To get around this limitation, you can use the yarascan plugin to search for unique data within the packet(s) that you find interesting. To do this, pass the data as the -Y option to yarascan. Note that you can pass arbitrary strings, bytes, and hex values to yarascan and you are not just limited to searching readable text. As yarascan searches for your signature it will list any processes or kernel components that contain the data. This can then immediately point you to the area of code responsible for generating or receiving the packet, which can greatly focus your analysis.

For those who closely follow Volatility, you know that there are also the ethscan [15] and pktscan [16] plugins that can perform the mapping as well. Unfortunately, pktscan is no longer supported and ethscan can take substantially longer to produce results versus bulk_extractor. For these reasons and others we choose to incorporate bulk_extractor in our analysis instead of using only Volatility components. 

** Someone please let me know if I am wrong about this. I have not seen this documented anywhere for bulk_extractor and I am not sure its possible using the old PCAP format that BE writes the capture in.
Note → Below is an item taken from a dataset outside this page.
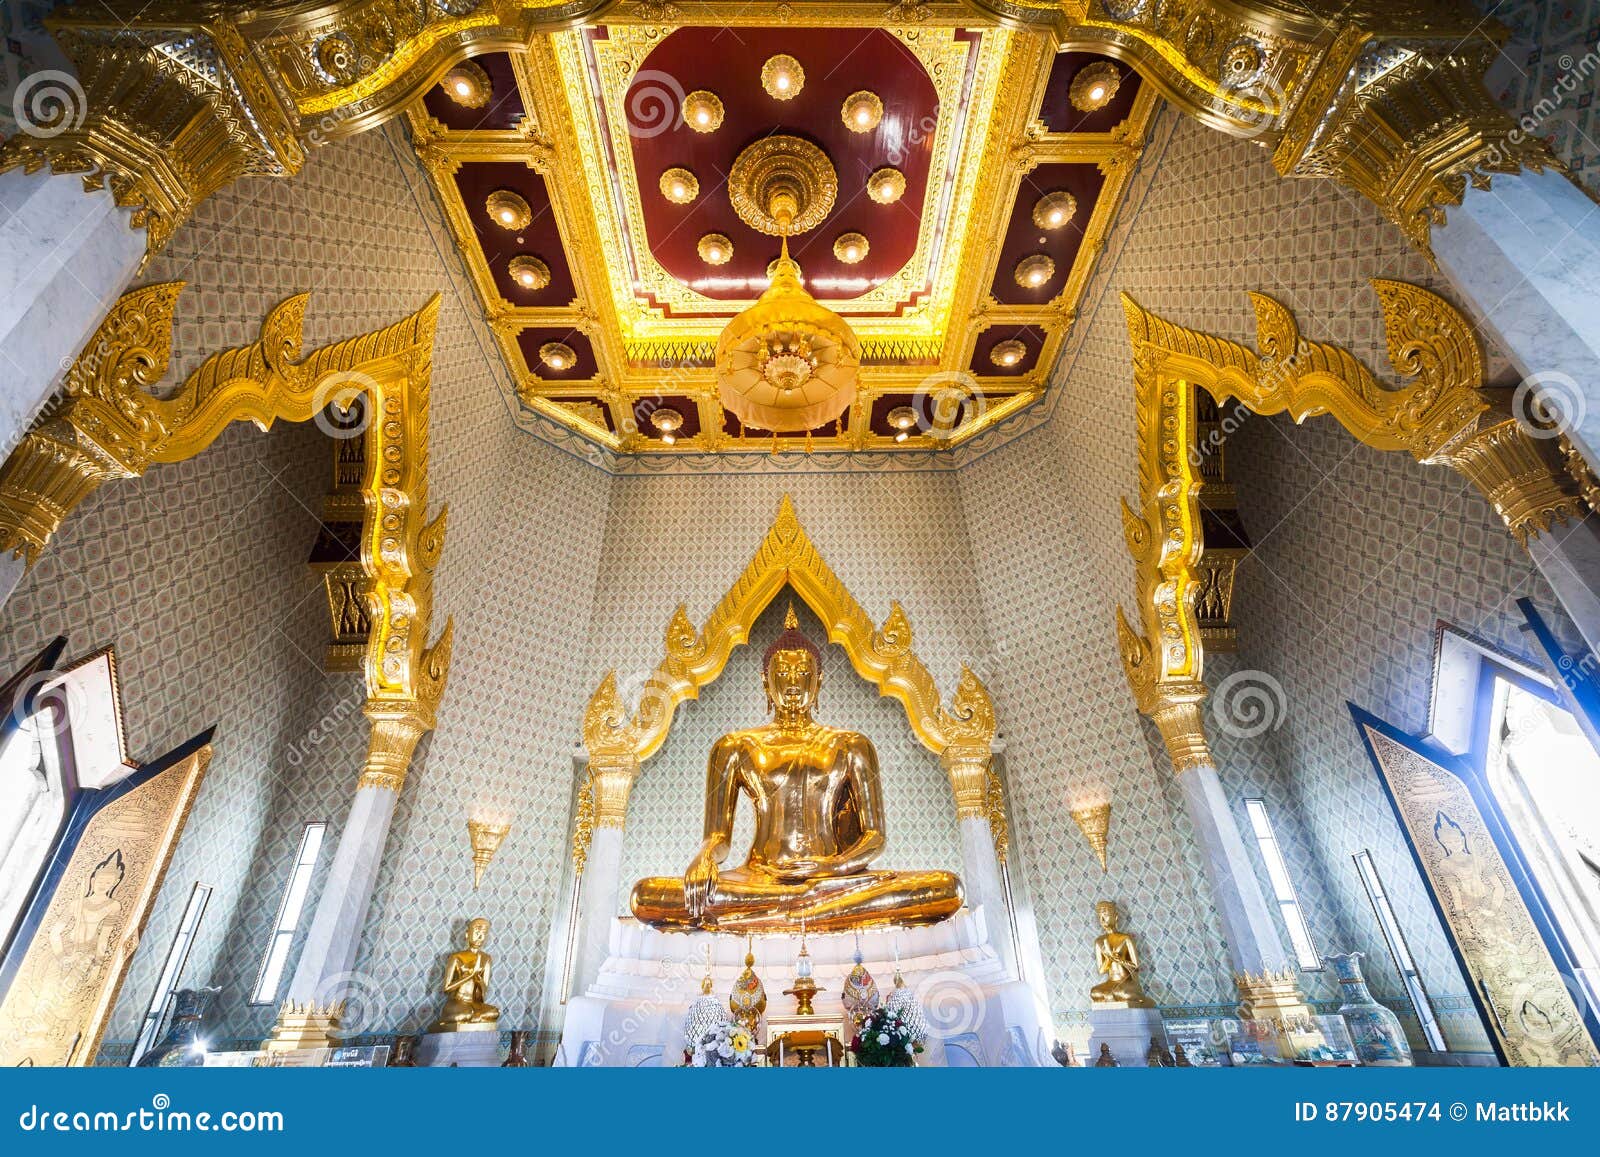 golden buddha at wat traimit, bangkok, thailand

The newer PCAP-ng format allows for arbitrary comments though and a nice addition to BE would be writing to the new format with a comment of the physical offset of where the particular packet was found.


This post was written to highlight the power of carving network data from memory. When full packet capture is not available, or when no network data is available, the ability to extract network data from memory may be your only chance of recovering it. As shown, bulk_extractor is a highly capable tool for this task. Not only can it recover packets to a PCAP, but it can also be used to recover a wide range of other information as well as arbitrary strings or regular expressions that you configure it for.

We strongly encourage our readers who are currently not utilizing this capability to start to incorporate in into your memory forensics workflows. We believe you will see immediate usefulness of the data recovered and bulk_extractor makes recovery trivial.


[1] https://github.com/simsong/bulk_extractor
[2] http://simson.net/ref/2012/2012-02-02%20USMA%20bulk_extractor.pdf
[3] http://simson.net/ref/2013/2013-12-05_tcpflow-and-BE-update.pdf
[4] https://samsclass.info/121/proj/p3-Bulk.htm
[5] http://simson.net/clips/academic/2011.DFRWS.ipcarving.pdf
[6] http://www.slideshare.net/jared703/vol-ir-jgss114
[7] https://github.com/simsong/bulk_extractor/wiki
[8] http://www.dfrws.org/2005/challenge/
[9] http://www.dfrws.org/2008/challenge/
[10] http://sandbox.dfrws.org/2008/Cohen_Collet_Walters/Digital_Forensics_Research_Workshop_2.pdf
[11] http://www.honeynet.org/challenges/2010_3_banking_troubles
[12] http://www.honeynet.org/files/Forensic_Challenge_3_-_Banking_Troubles_Solution.pdf
[13] http://www.honeynet.org/challenges/2011_7_compromised_server
[14] http://www.gmgsystemsinc.com/knttools/
[15] http://jamaaldev.blogspot.com/2013/07/ethscan-volatility-memory-forensics.html
[16]  https://code.google.com/p/volatility/issues/detail?id=233

1 comment:

  1. Nice post, bulk_extractor is truly an awesome program. If you enable the wordlist functionality of bulk_extractor when you scan your memory dump, a file with all printable characters and the offset to where they are found will be generated. If the pattern you are looking for contains other, non-printable characters, I would highly recommend creating a findlist and enabling the lightgrep scanner. I suspect this will get you the desired result quicker than running yarascan.